Notes from the analysis:

1. WikiWealth uses quantitative measures to determine the multiple range for Hewitt Associates.
2. Free cash flow to the firm (FCF) multiple is free cash flow to equity holders plus interest owed to Hewitt Associates's debt holders.
3. Multiples incorporate benefits due to economies of scale; WikiWealth compares absolute enterprise value multiples to competitor's multiples.
4. WikiWealth excludes outliers when calculating individual company multiples.
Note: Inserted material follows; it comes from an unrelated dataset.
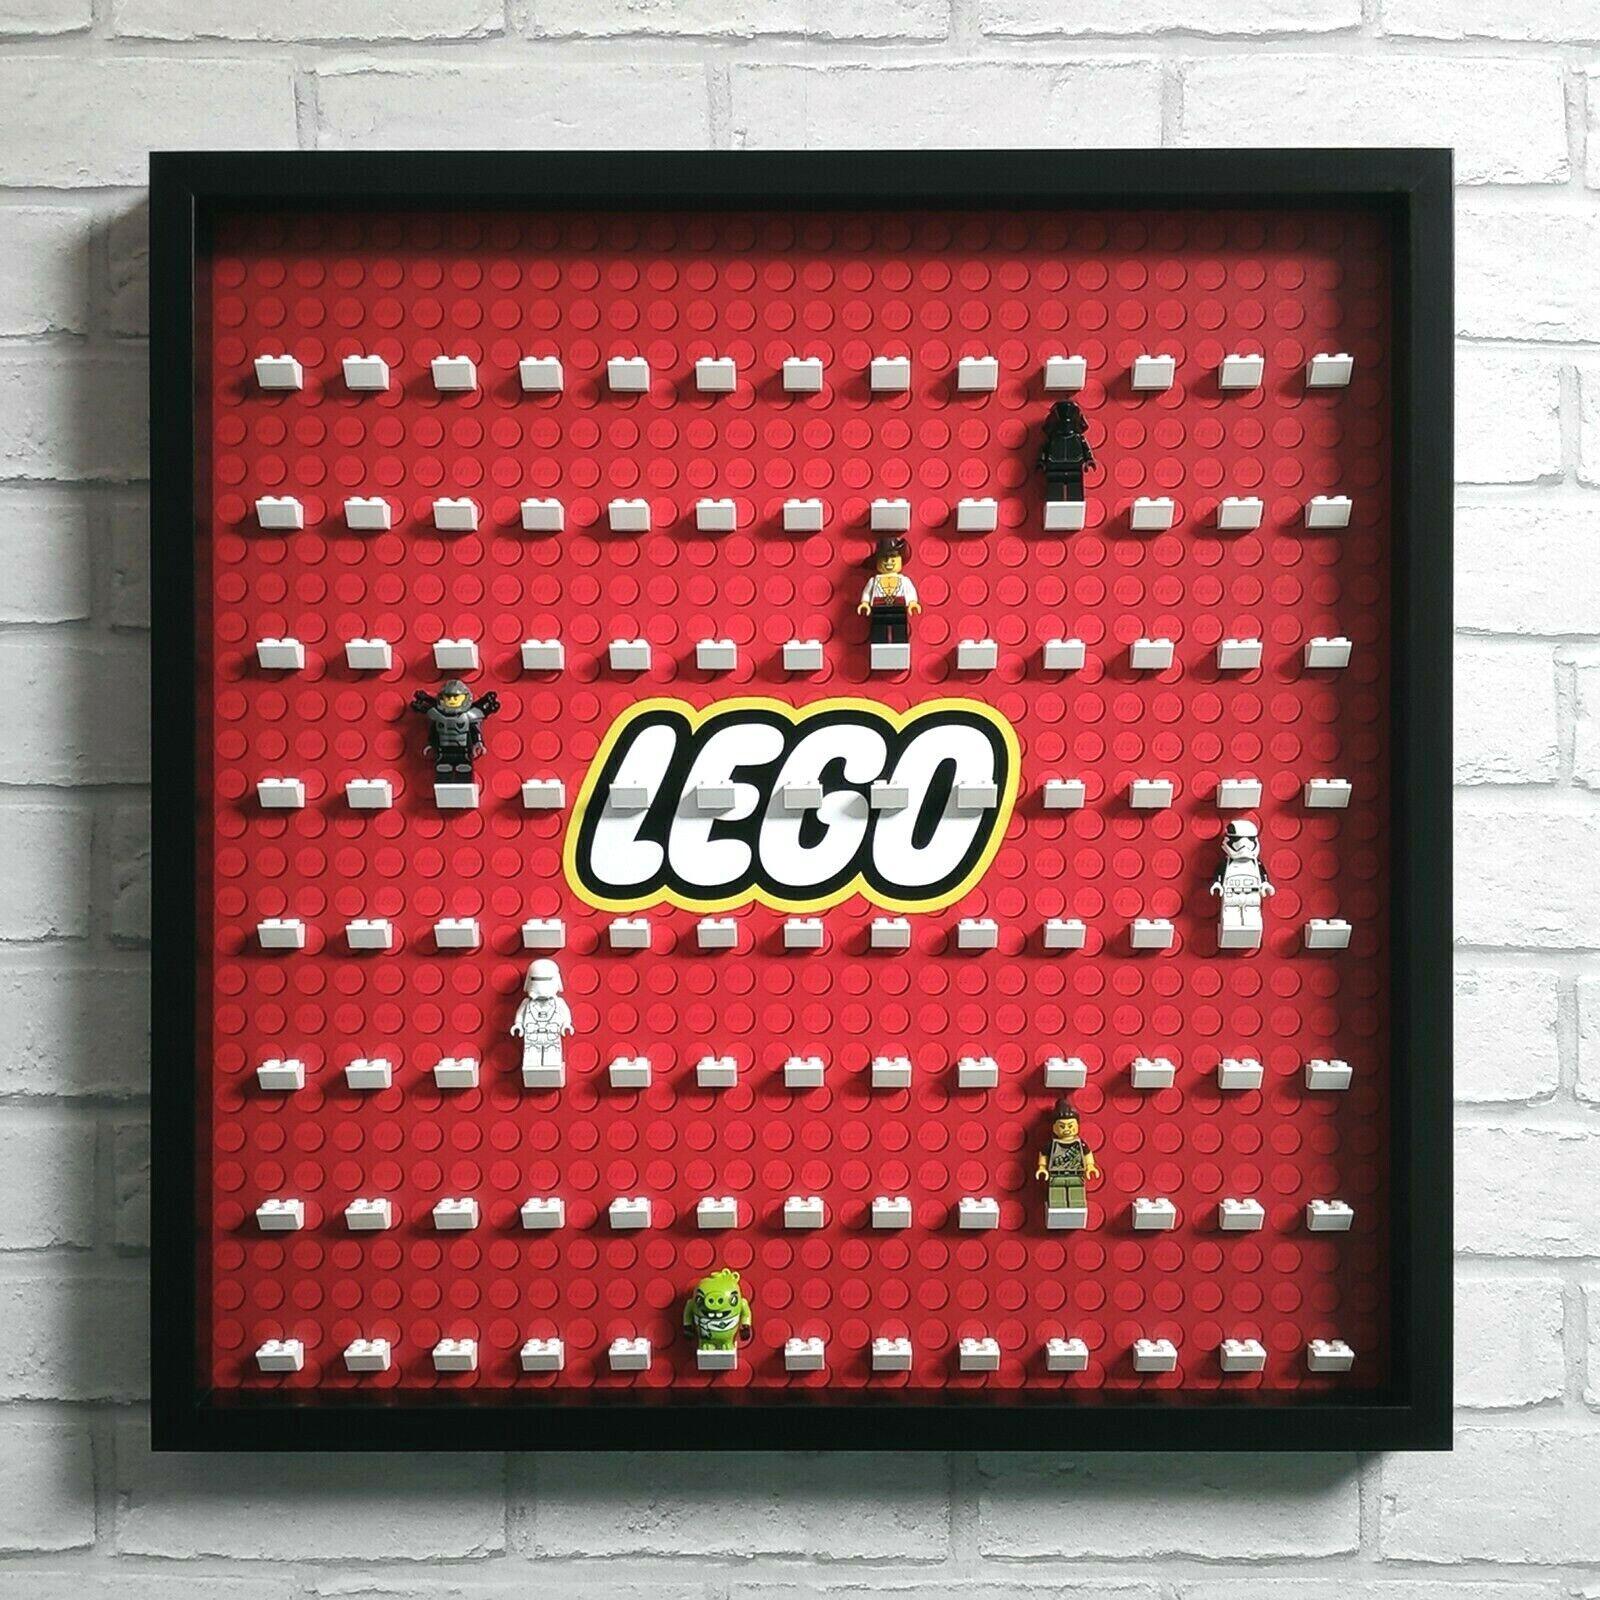 LEGO Minifig Visa ramfall stort - passar 104 Minifigs - svart (röd logo)

Helpful Information for Hewitt Associates's Analysis


How does this work? The Comparative Investment Analysis determines the value of Hewitt Associates by comparing Hewitt Associates financial ratios, prices, growth rates, margins, etc. to those of relevant peer groups.

Value Investing Importance? This method is widely used by investment professionals to determine the correct price of investments, especially initial public offerings (IPOs). It is one element of WikiWealth's three Wall Street approaches used to determine the correct fair value of Hewitt Associates.

See the Hewitt Associates cash flow (DCF) analysis for a completely different approach that's popular on Wall Street for determining the value of an investment in Hewitt Associates.

Also, see the Hewitt Associates's buffett intrinsic valuation analysis for WikiWealth's attempt to replicate the investing formula's used by Warren Buffett and Hewitt Associates's valuation conclusion for a quick summary.